Scientists have quantified flavor-associated chemicals in 398 varieties of tomatoes in order to create a "roadmap" for improving flavor:

Bite into a supermarket tomato and you'll probably notice something missing: taste. Scientists think they can put the yum back into the grocery tomato by tinkering with its genetic recipe. Researchers are reinstalling five long-lost genetic traits that add much of the sweet-yet-acidic taste that had been bred out of mass-produced tomatoes for the past 50 years. They're using mostly natural breeding methods, not genetic modification technology.

[...] One key issue is size. Growers keep increasing individual tomato size and grow more per plant. The trouble is that there is a limit to how much sugar each tomato plant can produce. Bigger tomatoes and more of them means less sugar per tomato and less taste, Klee said. So Klee and colleagues looked at the genomes of the mass-produced tomato varieties and heirloom tomatoes to try to help the grocery tomatoes catch up to their backyard garden taste.

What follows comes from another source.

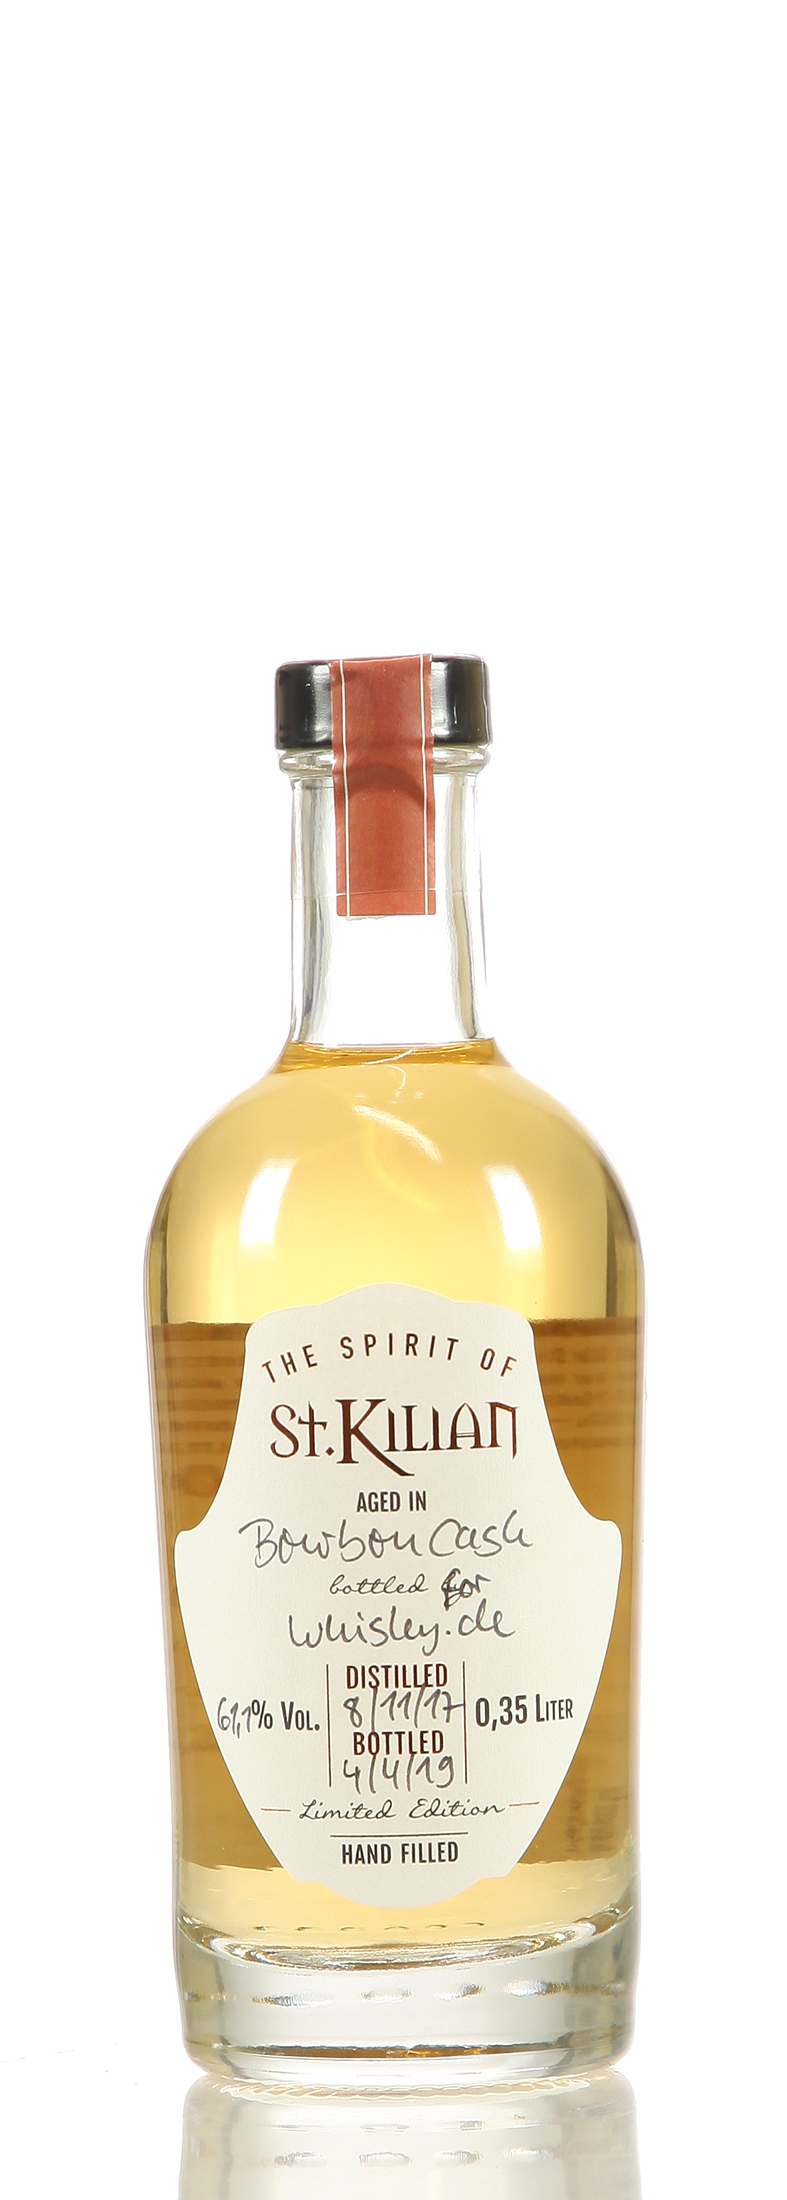 St. Kilian The Spirit of St. Kilian

[...] Klee isolated some sugar genes and ones more geared to pure taste, but figured those won't work as well because they clash against shipping and size needs. So he found areas that affect the aroma of tomatoes but not size or heartiness. Reintroducing those into mass-produced tomatoes should work because smell is a big factor in taste, he said. Altering genes in a lab would make the process faster, but because of consumer distrust and regulations, Klee is opting for natural breeding methods – with help from an electric toothbrush to spread pollen.

It sounds like the quest for a tasty tomato will be delayed for years because GMOs are scaaaary.

Also at NYT.

A chemical genetic roadmap to improved tomato flavor (DOI: 10.1126/science.aal1556) (DX)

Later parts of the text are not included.